Als sie sich umsehen, sehen sie, wie sich ein riesiger Schatten aus dem Boden formt, fest wird und auf sie zustampft - eine Kreatur, die aussieht wie etwas Großes in einem labbrigen Kostüm aus schleimigem Fleisch mit knöchernen Auswüchsen und einer knöchernen Sense als linke Hand. Auf zwei Hufen stehend stampft es auf sie zu. Boran identifiziert es als eine weitere Leerenbrut, einen Maar'la.
Der Dämon beginnt unverständliche Worte zu murmeln, die in ihren Köpfen widerhallen und Schmerzblitze durch ihre Gehirne jagen, sie benommen und schwach machen, bevor es angreift.
Sie geben alles, aber es sieht nicht gut aus, als die Leerenbrut auf den Boden stampft und eine Kraftwelle aussendet, die sie wegschleudert. Nepheli liegt bewusstlos da, ebenso Aina. Dokmai weckt die Kriegerin auf, erschöpft sich dabei fast - und plötzlich hat die Riesin eine Idee. Der Kristall - vielleicht ist er irgendwie mit der Leerenbrut verbunden!

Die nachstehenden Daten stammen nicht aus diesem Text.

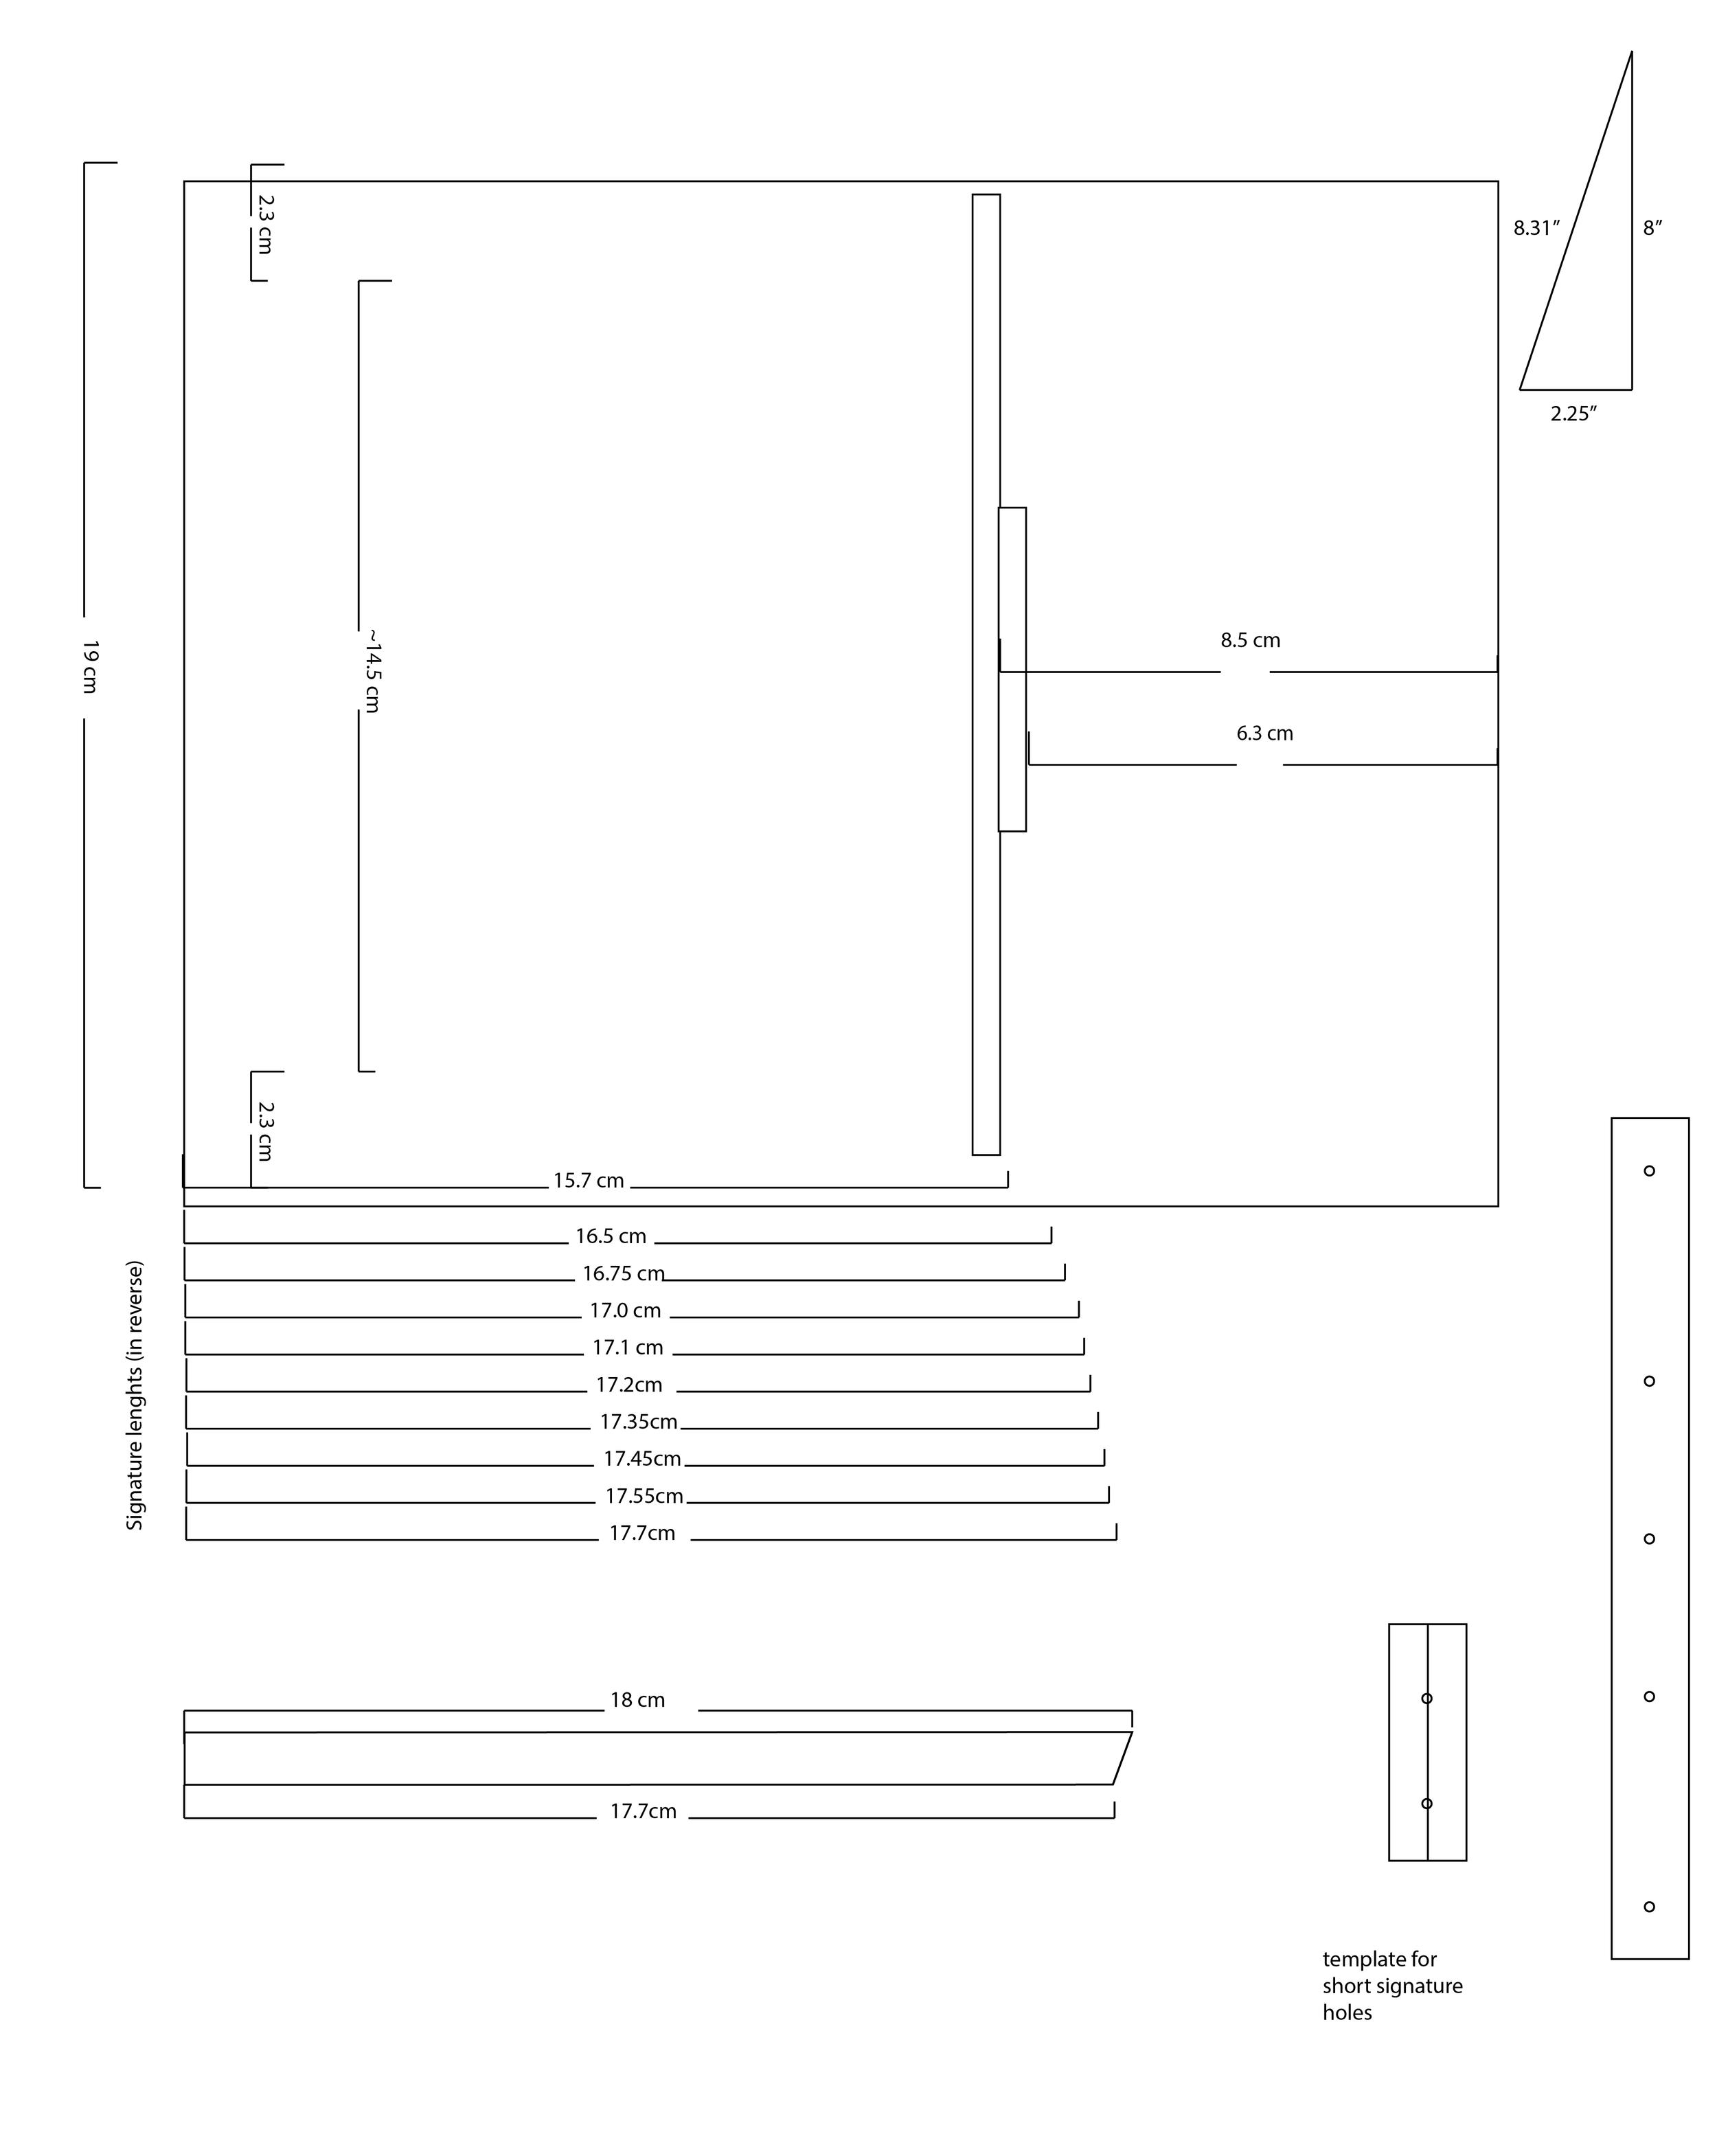 measurements-01.png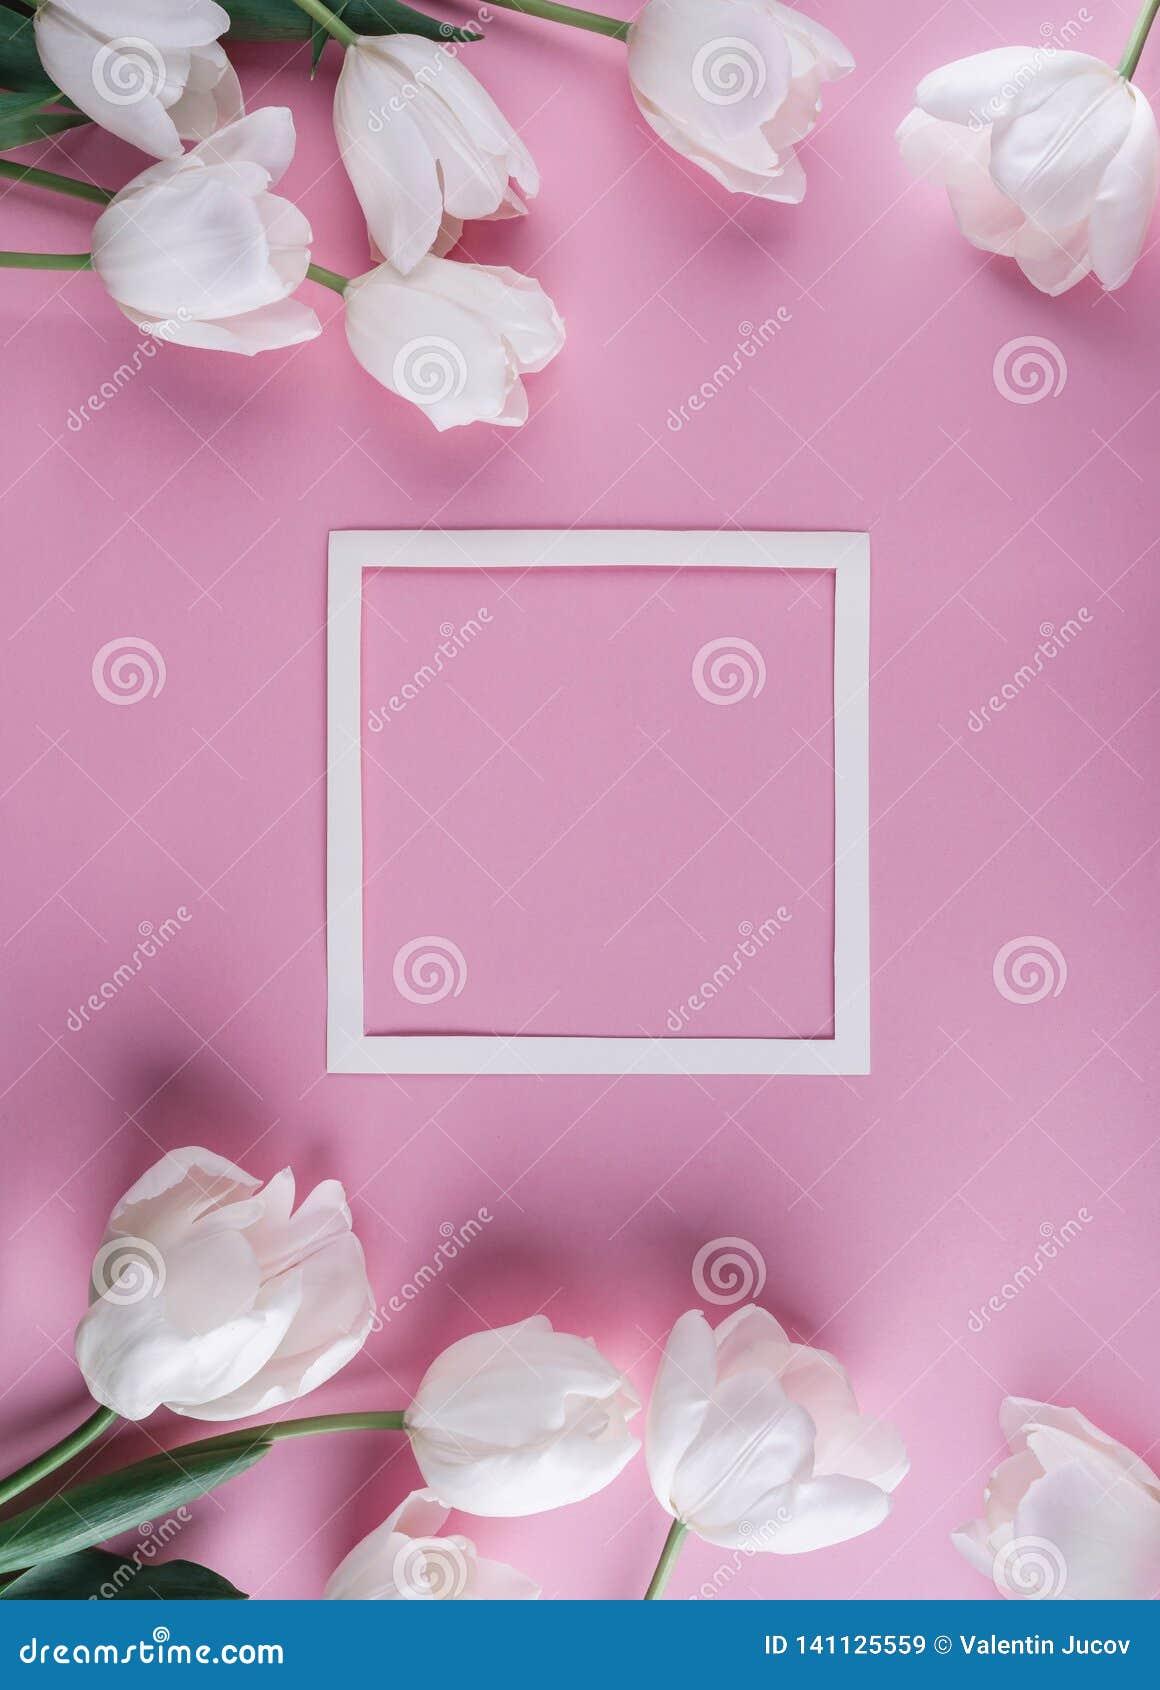 Άσπρα λουλούδια τουλιπών και φύλλο του εγγράφου πέρα από το ανοικτό ροζ υπόβαθρο Κάρτα για την ημέρα μητέρων, στις 8 Μαρτίου, ευτ

Sie umkreist das Monster, während Boran seinen letzten Feuerball darauf schleudert, und mit einem Hieb ihrer magischen Klinge durchtrennt sie die Wurzeln, die den Kristall halten. Das Monster brüllt vor Wut, während es sich umdreht, und der Kristall langsam nach oben schwebt.
Demetrios lässt einen Pfeil fliegen, und das magische Geschoss trifft den Rücken der Leerenbrut und explodiert in einer Fontäne aus Schleim und Eingeweiden. Das Monster sinkt auf ein Knie, kreischt und murmelt und liegt schließlich still.
Aber sie sind nicht in Sicherheit. Während Dokmai ihr Bestes tut, um Nepheli wieder auf die Beine zu bringen, erreicht der Kristall die Decke der Höhle - und explodiert in einem grünen Lichtblitz. Die Erde bebt, und große Felsbrocken beginnen zu fallen, während die Höhle einstürzt. Die Gruppe rennt, so schnell ihre geschundenen Körper es zulassen, stürzt in den Treppenschacht und die ersten Stufen hinauf, als eine Staubwolke vom Einsturz hinter ihnen sie erreicht.
Sie zwingen ihre müden Knie, sie nach oben zu tragen, machen unterwegs Pausen, nur um weiterzumachen. Als sie schließlich die Gruft erreichen, sind sie am Ende ihrer Kräfte. Aber sie müssen sich noch ihren Weg aus dem Labyrinth bahnen.
Schließlich, als das Licht eines neuen Tages sie begrüßt, stolpern sie aus der Zikkurat. Sie fürchten, dass ihre Handlungen die Dinge schlimmer gemacht haben könnten, aber der Schamane erklärt, dass die Wurzel nun sicher in der Erde ruht. Die Verderbnis wird mit der Zeit heilen, da ihre Quelle verschwunden ist.
Sie machen sich auf zurück zum Lager, wo bereits mit den Reparaturen am Schiff begonnen wurde. Es mag einige Zeit dauern, aber es scheint, dass sie wieder auf Kurs gehen können.